Hope of a cure for cholangiocarcinoma coming from FGFR inhibitors

Hope of a cure for cholangiocarcinoma coming from FGFR inhibitors

Last April, the Food and Drug Administration granted accelerated approval to pemigatinib for the treatment of adults with previously treated, locally advanced unresectable or metastatic cholangiocarcinoma with a fibroblast growth factor receptor 2 (FGFR2) fusion or other rearrangement.

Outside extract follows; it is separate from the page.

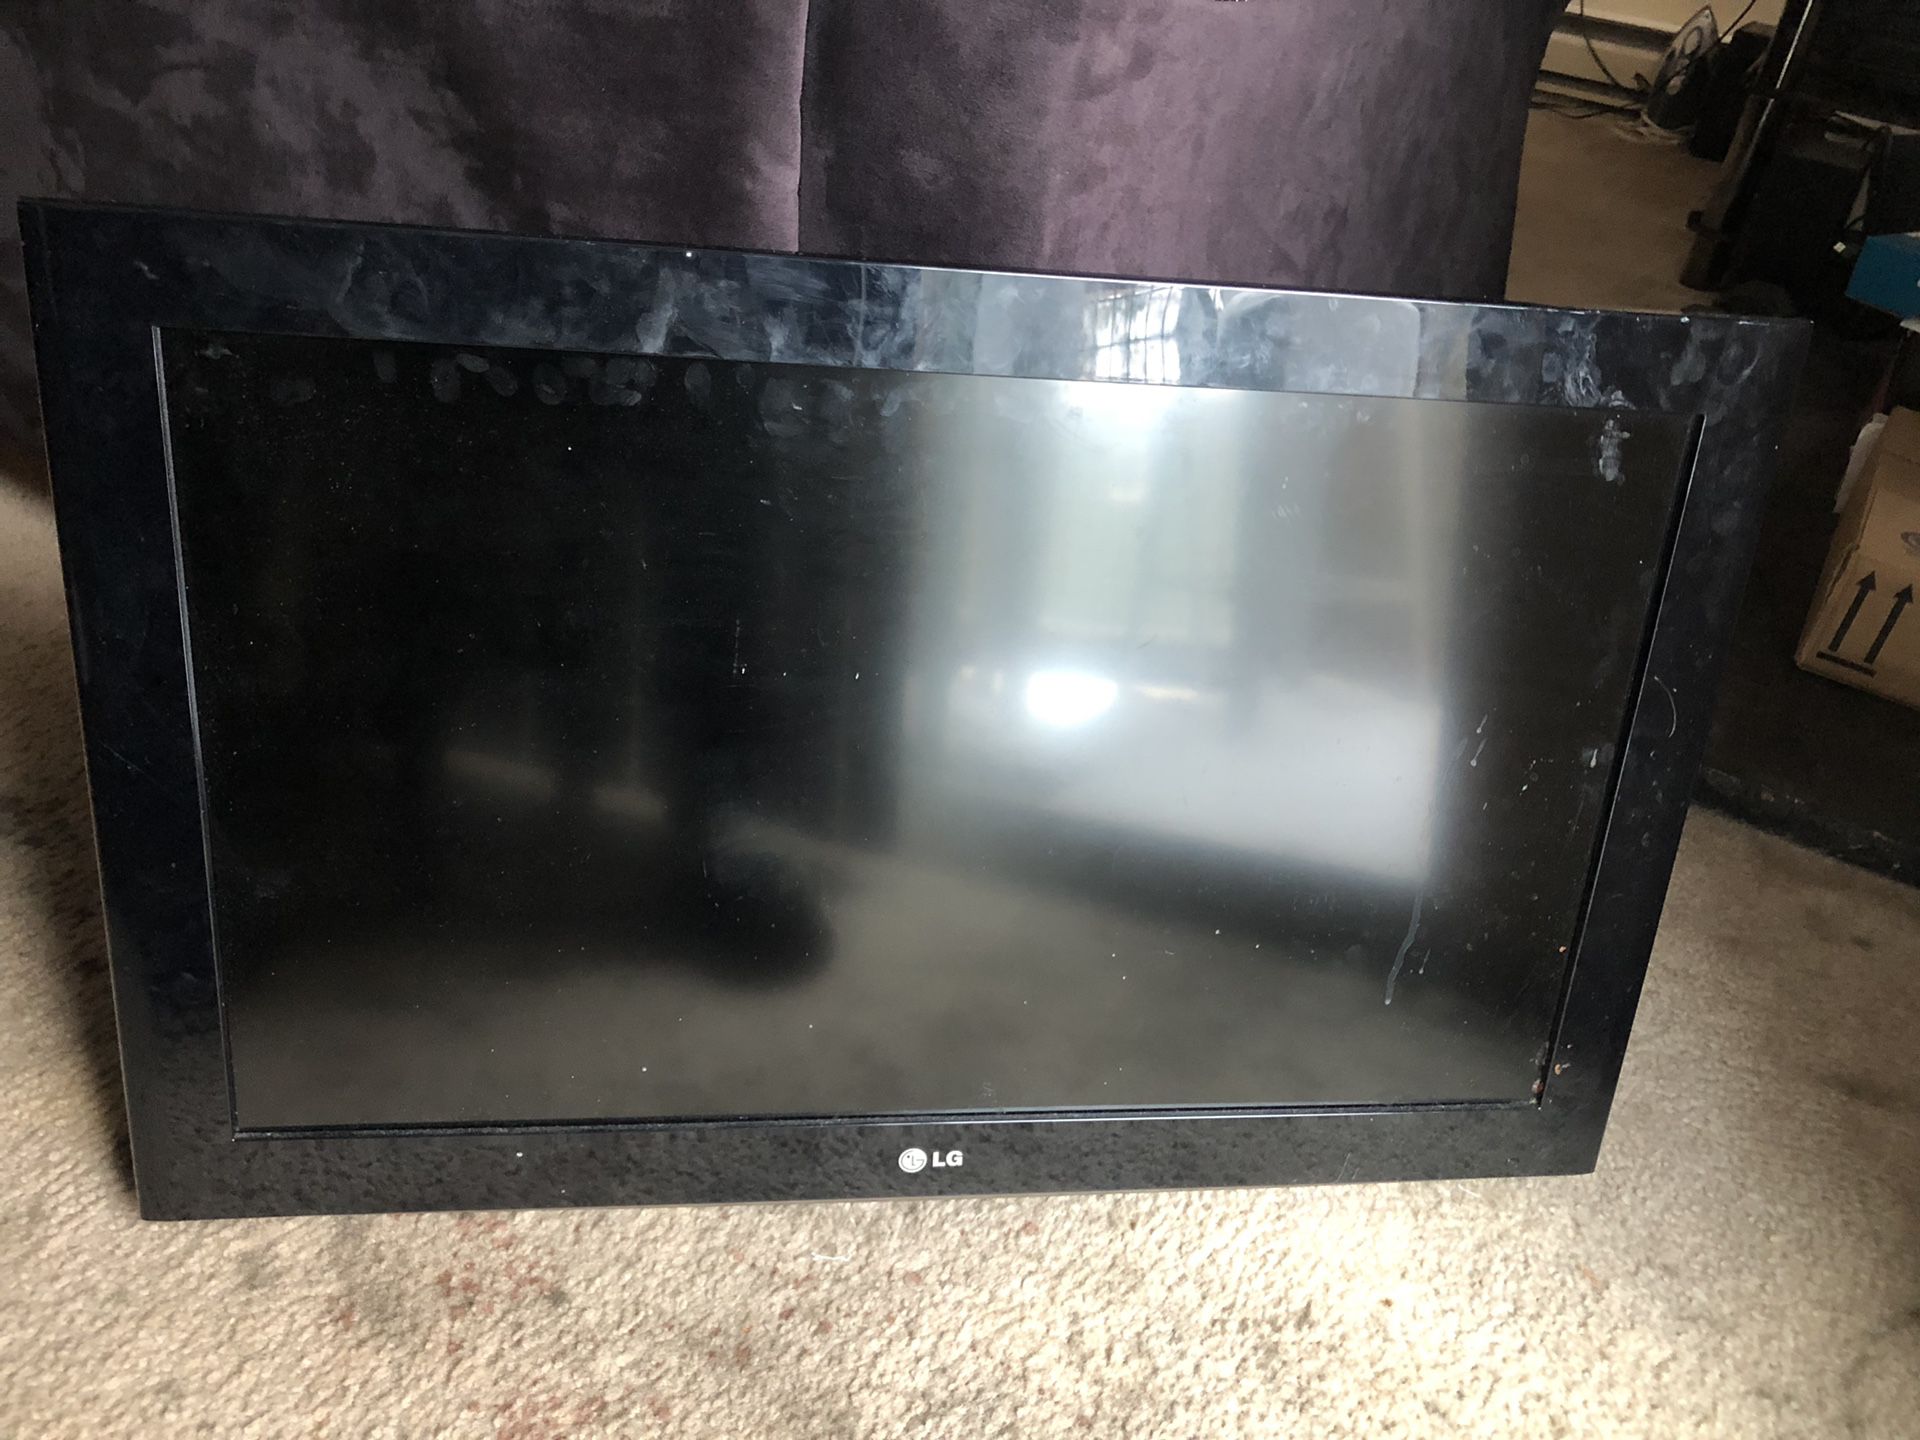 LG SMART TV 32 inches

Biliary tract cancer is a heterogeneous group of highly aggressive tumours, including intrahepatic cholangiocarcinoma (iCCA), extrahepatic perihilar CCA (pCCA), extrahepatic distal CCA (dCCA) and gallbladder cancer (GBC).
With incidence rates below 6/100.000 in most countries, cholangiocarcinomas are considered rare cancers. However, the incidence is increasing worldwide, mainly due to iCCA.
Unfortunately, prognosis remains poor with a 5-year survival of around 5-15%.
60-70% of patients are diagnosed with advanced, unresectable or metastatic disease due to late manifestation of clinical symptoms and absence of specific biomarkers. For that reason, only 30-40% of patients are eligible for surgical resection, the only potentially curative treatment, and the majority of them (60-65%) experience disease recurrence. For patients with advanced disease the only first line treatment option is palliative chemotherapy with gemcitabine and cisplatin. FOLFOX has been the only second line therapy available to patients progressing to CisGem until the discovery of genomic alterations with potential therapeutic implications for treating cholangiocarcinoma.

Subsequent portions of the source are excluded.